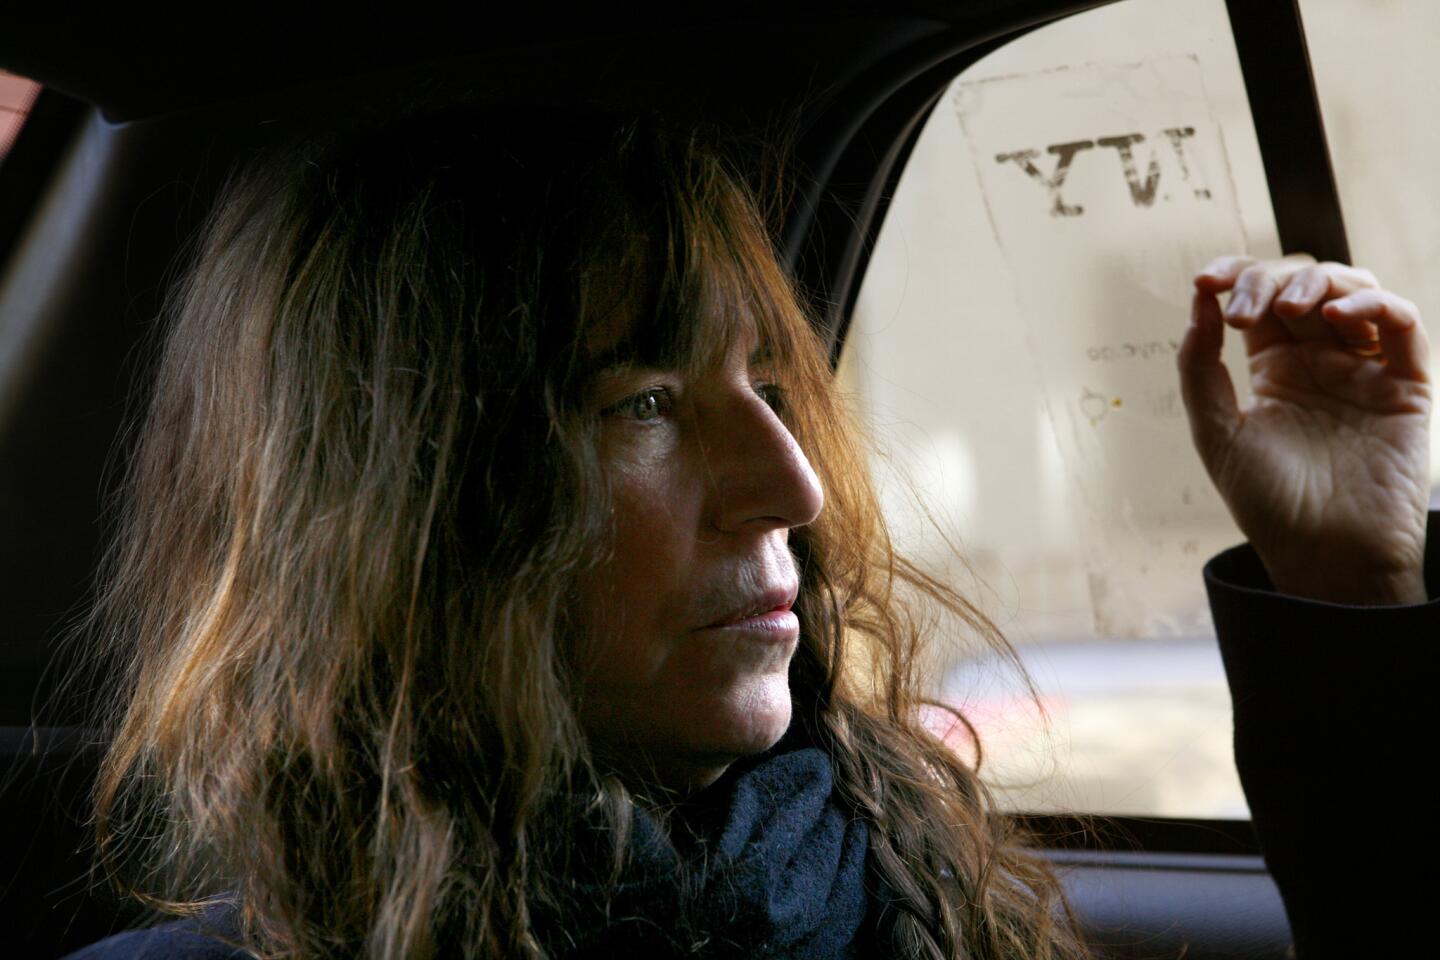 Writer and musician Patti Smith has annotated a copy of her memoir "Just Kids" to benefit PEN.
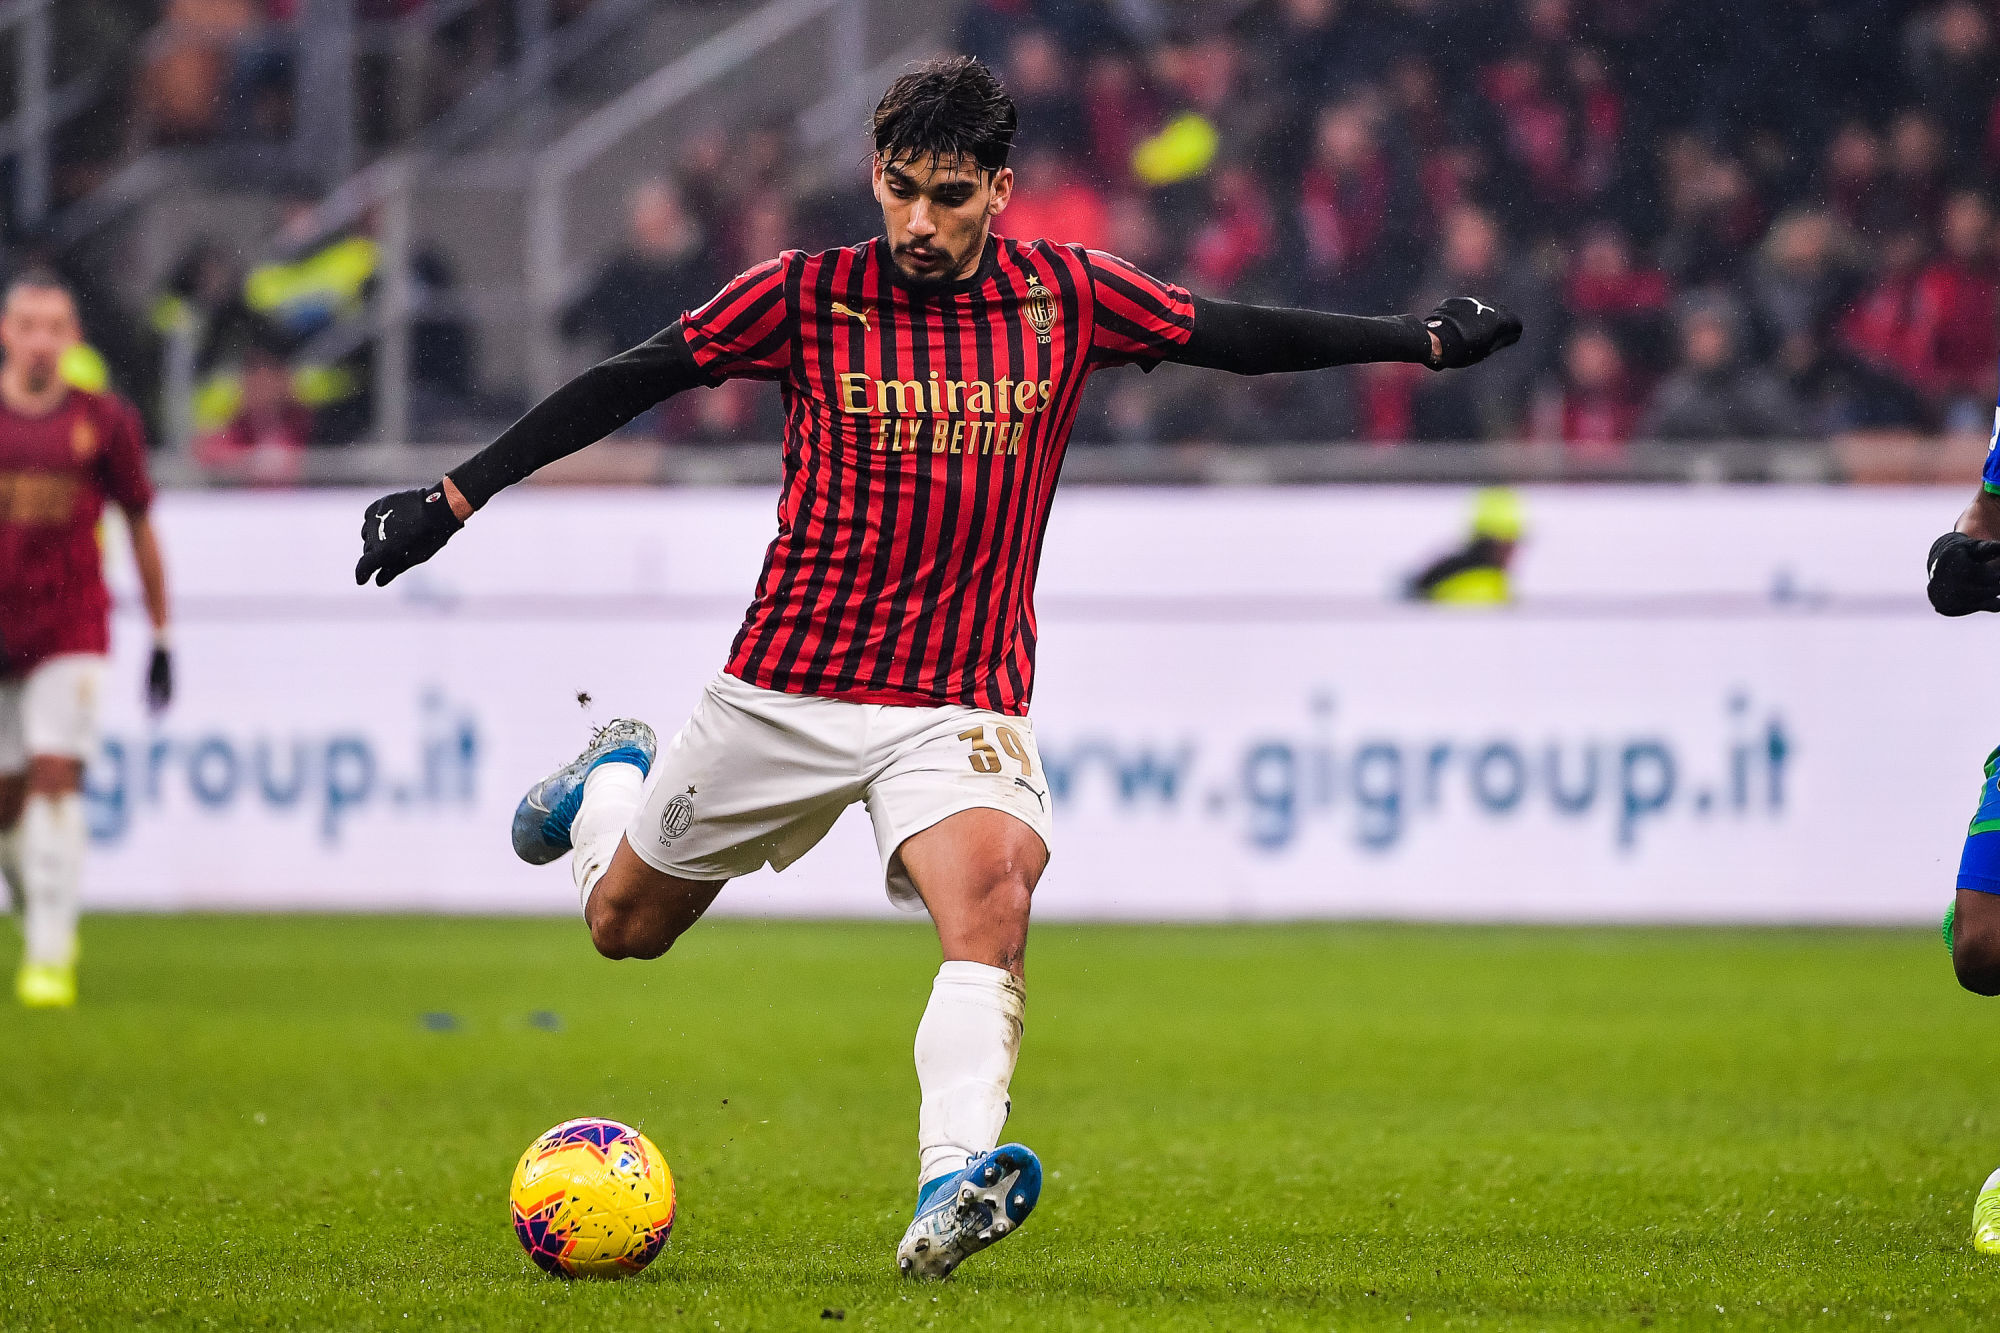 Lucas Paqueta' of AC Milan during the Serie A match between AC Milan and Sassuolo at Stadio San Siro, Milan, Italy on 15 December 2019. Photo by Mattia Ozbot.

Editorial use only, license required for commercial use. No use in betting, games or a single club/league/player publications.
PILKA NOZNA SEZON 2019/2020 LIGA WLOSKA
FOT. SPORTPHOTO24/NEWSPIX.PL
ENGLAND OUT!
---
Newspix.pl 

Photo by Icon Sport - Lucas PAQUETA - San Siro - Milan (Italie)
------------------------------------------------------------------------
#### [What the task requires]
Write out the records once more, exactly as they stand, with no images.

#### [Answer below]
 Writer and musician Patti Smith has annotated a copy of her memoir "Just Kids" to benefit PEN.
 Lucas Paqueta' of AC Milan during the Serie A match between AC Milan and Sassuolo at Stadio San Siro, Milan, Italy on 15 December 2019. Photo by Mattia Ozbot.

Editorial use only, license required for commercial use. No use in betting, games or a single club/league/player publications.
PILKA NOZNA SEZON 2019/2020 LIGA WLOSKA
FOT. SPORTPHOTO24/NEWSPIX.PL
ENGLAND OUT!
---
Newspix.pl 

Photo by Icon Sport - Lucas PAQUETA - San Siro - Milan (Italie)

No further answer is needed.